_Directions:_ Among the entries below, find the line with "South2 West8 Knitwear LOOSE FIT SWEATER" and the line with "products/mens-pro-fit-tapered-bottoms-triple-black.jpg". Return exactly those lines and every line between them, but no pictures.

_Records for this task:_
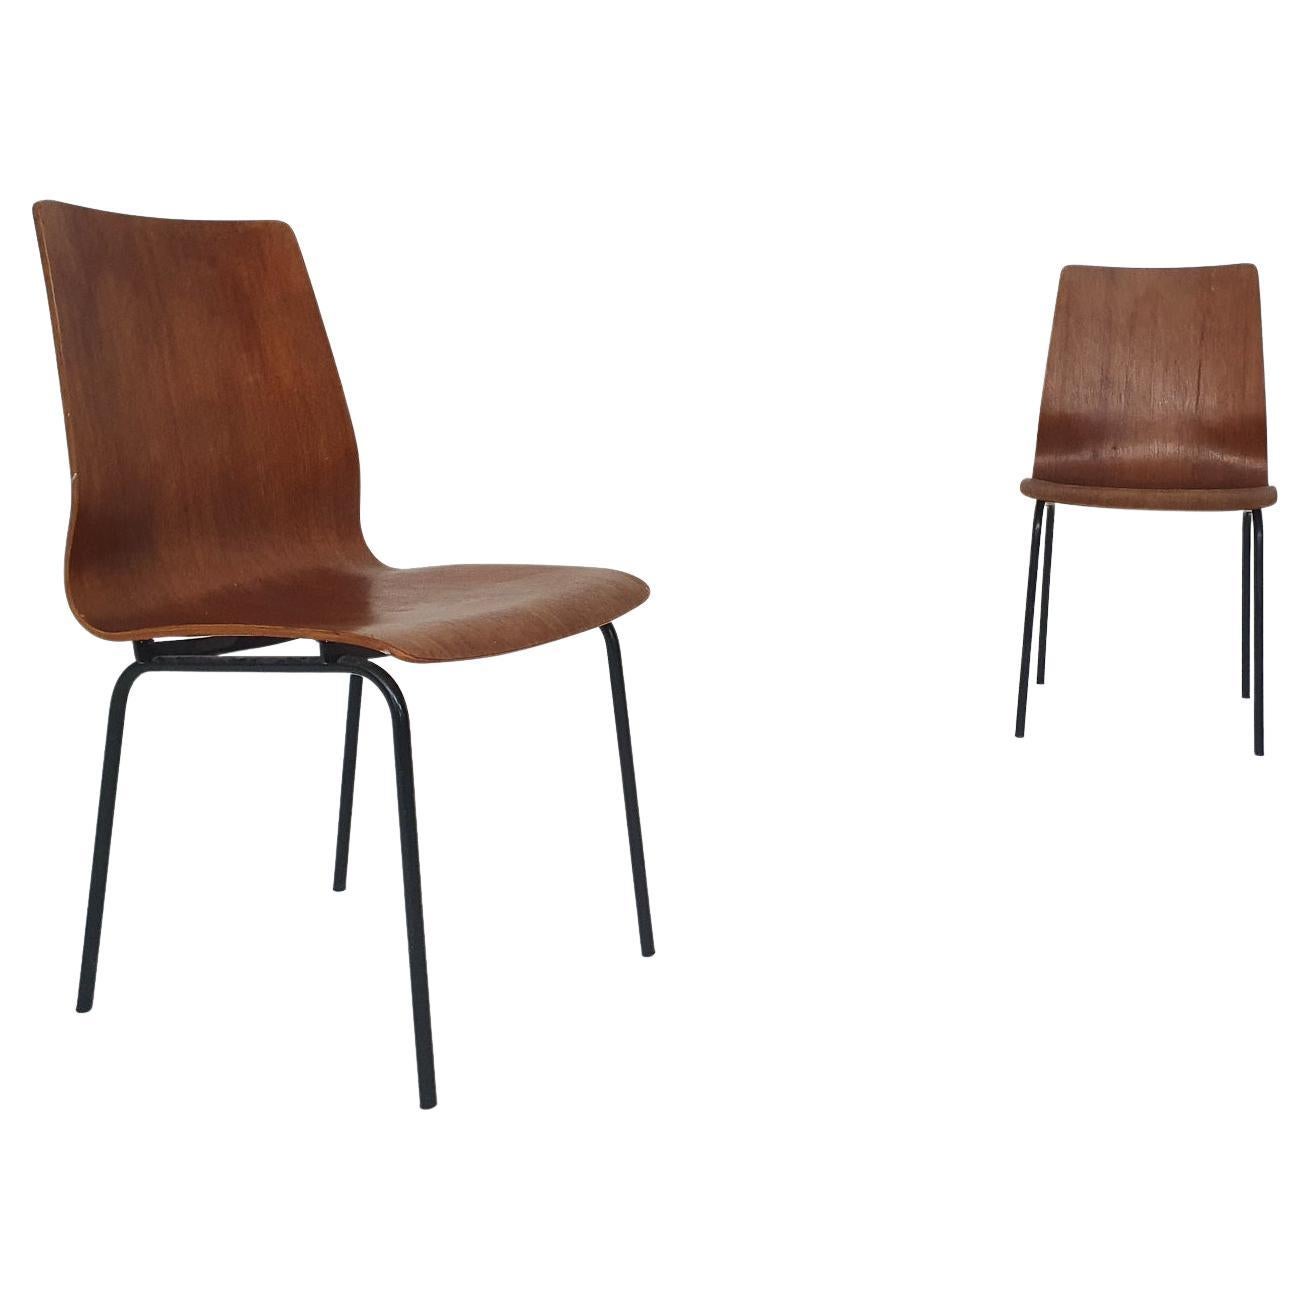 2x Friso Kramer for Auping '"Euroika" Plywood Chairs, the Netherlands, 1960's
...
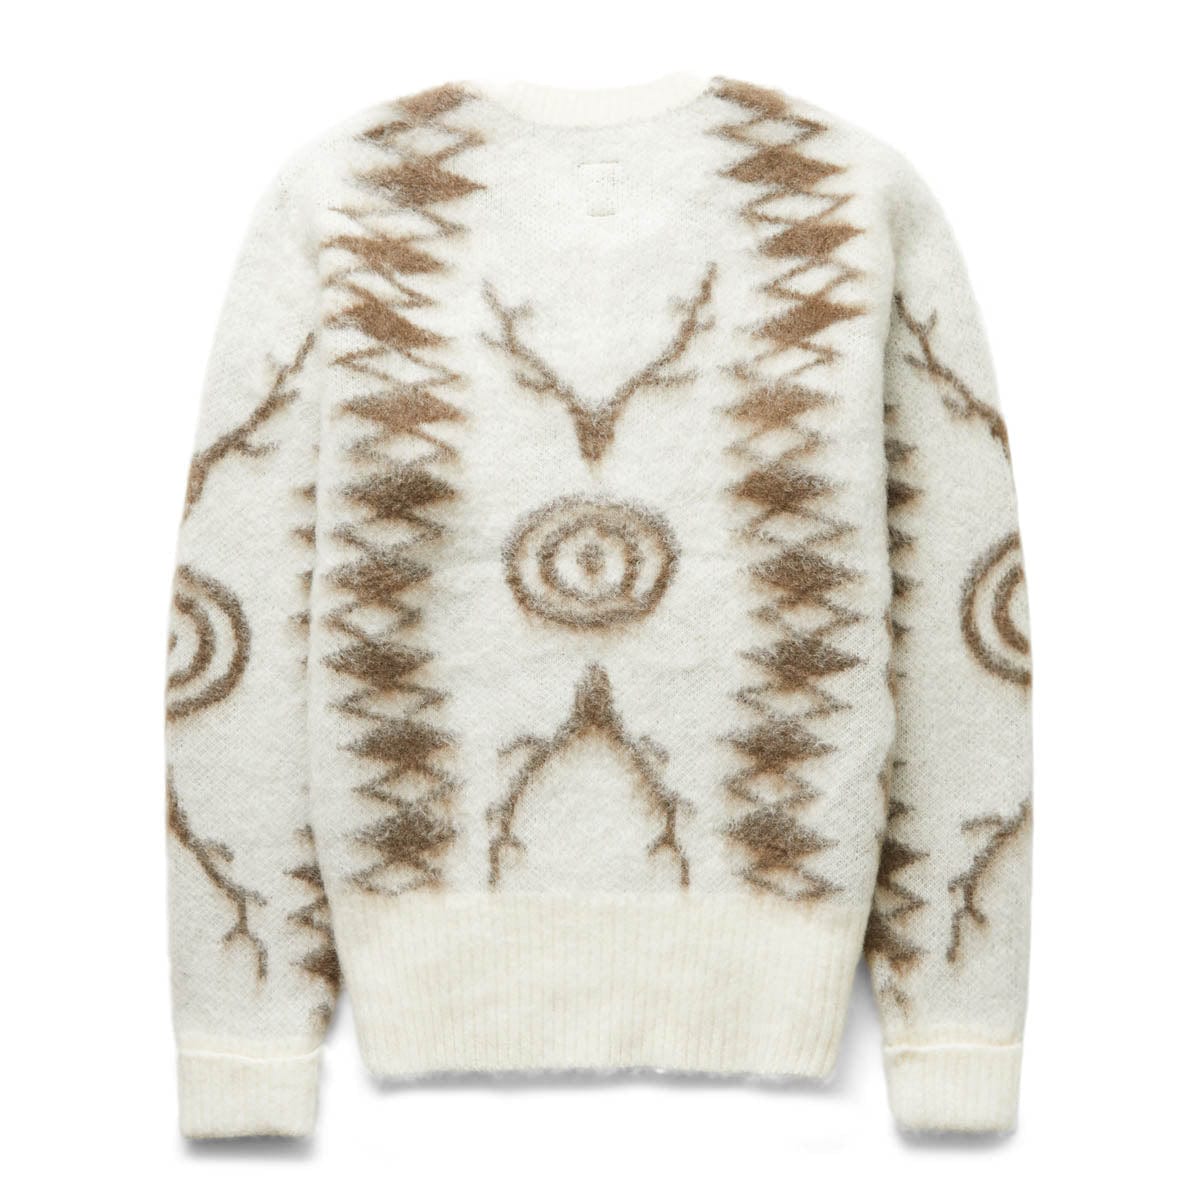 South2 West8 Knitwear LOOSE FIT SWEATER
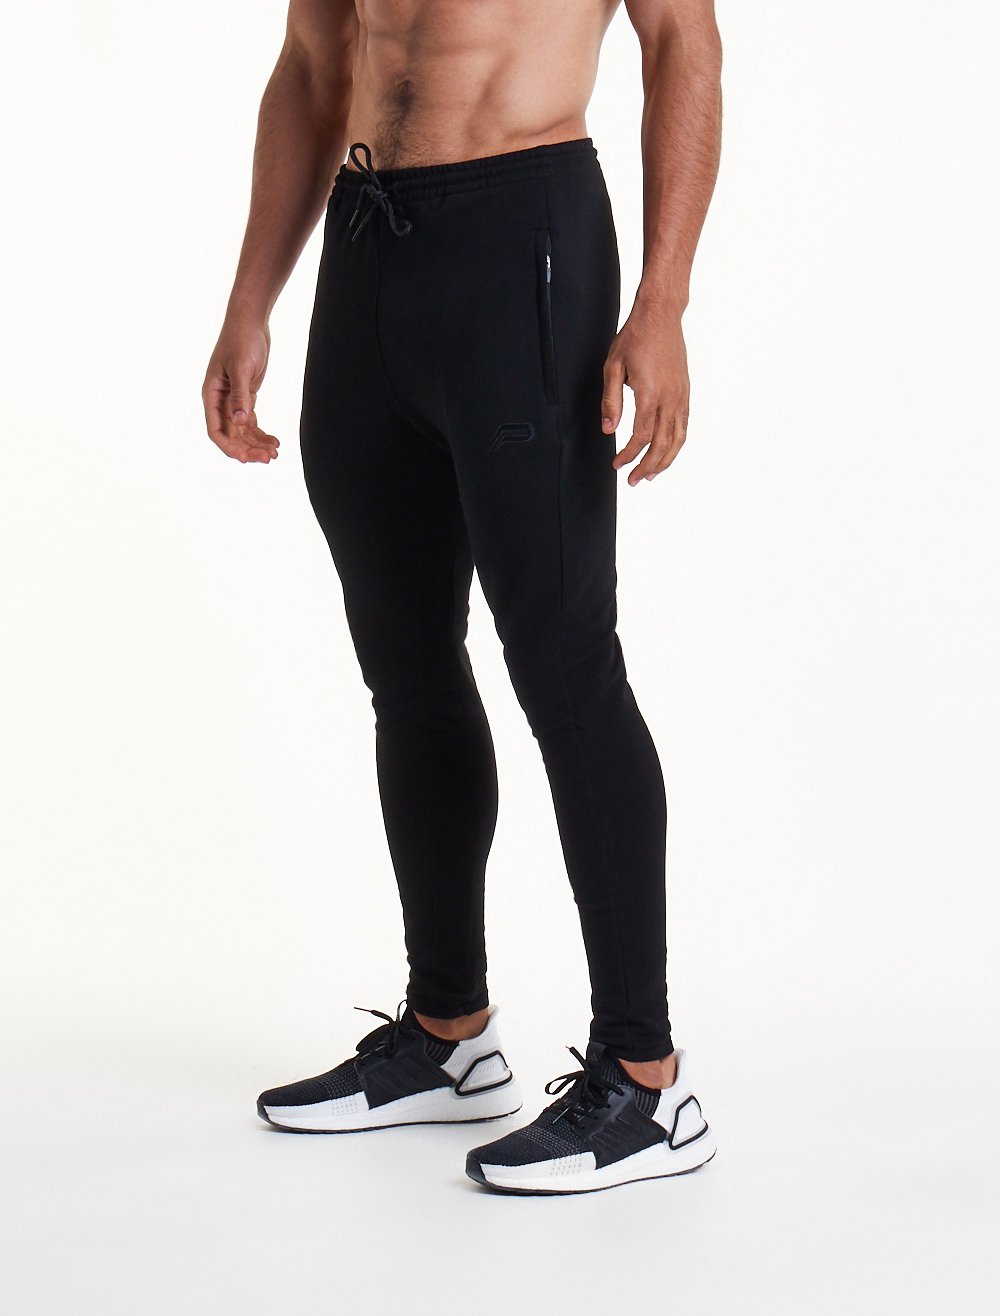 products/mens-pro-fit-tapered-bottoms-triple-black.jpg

_Task answer:_
 South2 West8 Knitwear LOOSE FIT SWEATER
 products/mens-pro-fit-tapered-bottoms-triple-black.jpg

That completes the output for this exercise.